Sobre las incursiones en Irán, el oficial describió una operación de alta complejidad por la distancia, la defensa antiaérea iraní y la protección de algunos de los blancos. Según su relato, el cambio más visible en los últimos días fue la reacción del sistema de defensa antiaérea iraní, que volvió a activarse y empezó a desafiar con más intensidad a los aparatos israelíes.
“La combinación de todas estas cosas, si me detengo un momento a detallarlo, un avión de combate debe volar 2.000 kilómetros desde casa. Es un evento mucho más complejo operativamente. Un error en Irán es mucho más significativo que un error aquí cerca de casa. Esto convierte cualquier cosa pequeña en algo más complejo”, afirma el coronel A., y revela el cambio en el comportamiento en los últimos días del sistema de defensa antiaérea de Irán: “Su sistema antiaéreo ha levantado cabeza en los últimos días. Intentan desafiarnos para operar contra los aviones… Aún mantenemos superioridad aérea, eso es lo más importante. Tenemos libertad de acción en todo Irán, pero está en el filo, nos disparan misiles. Hasta ahora no han logrado alcanzar nuestros aviones de combate, pero es un enfrentamiento”, dice el coronel A.

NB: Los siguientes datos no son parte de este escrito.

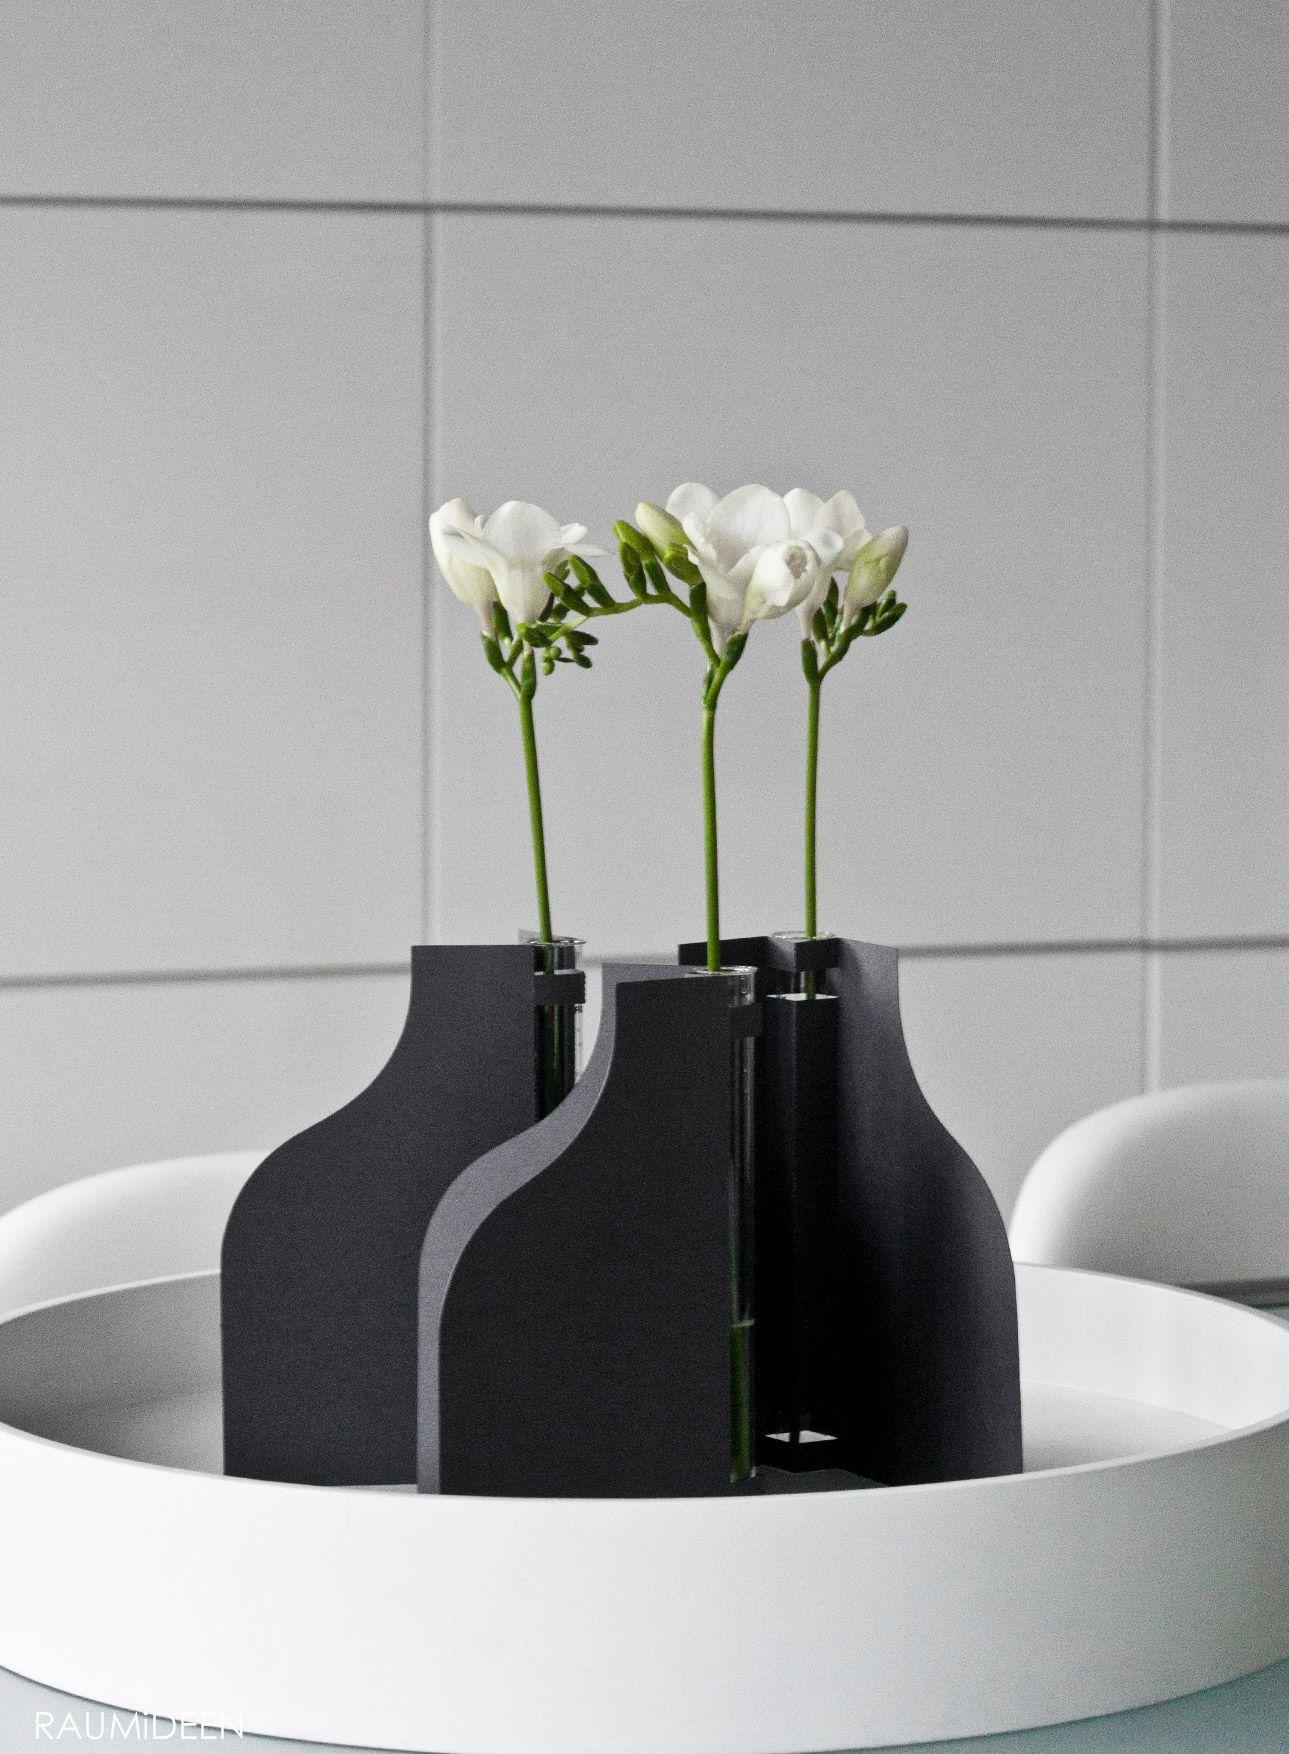 Freesien Blumendekoration Papier Vase

El comandante vinculó esa presión a una adaptación del enemigo en pleno conflicto y sostuvo que los ataques apuntan a infraestructura de alto valor relacionada con la producción de armas. También describió el entramado industrial iraní como un objetivo de gran peso para el día después de la campaña.
“Estamos luchando contra un enemigo serio. Él está en una guerra de supervivencia de un régimen terrorista, y hay una carrera de aprendizaje. No podemos llegar a un punto en el que no estemos dos pasos por delante de él. El vuelo en Irán se realiza bajo riesgo para los aviones, pero no nos detuvimos ni un segundo, sabemos cómo manejarlo. Atacamos objetivos locos, yo volé y lo vi con mis propios ojos. Los objetivos seleccionados para el ataque son objetivos que definitivamente justifican su ataque. Son objetivos de alto valor. En los últimos días estamos operando contra las capacidades de la industria de armas y los medios que construyen para atacarnos”, afirma el coronel A., quien añade: “Al final, en la imagen que vemos, el enorme complejo, una potencia industrial, no solo nosotros atacamos, también los estadounidenses. Tienen industria aeroespacial y cibernética, misiles, todo tipo de industrias, componentes para sistemas de defensa, espacios de investigación y desarrollo, universidad, laboratorios de armas de destrucción masiva. Es tan significativo, especialmente en el día después”.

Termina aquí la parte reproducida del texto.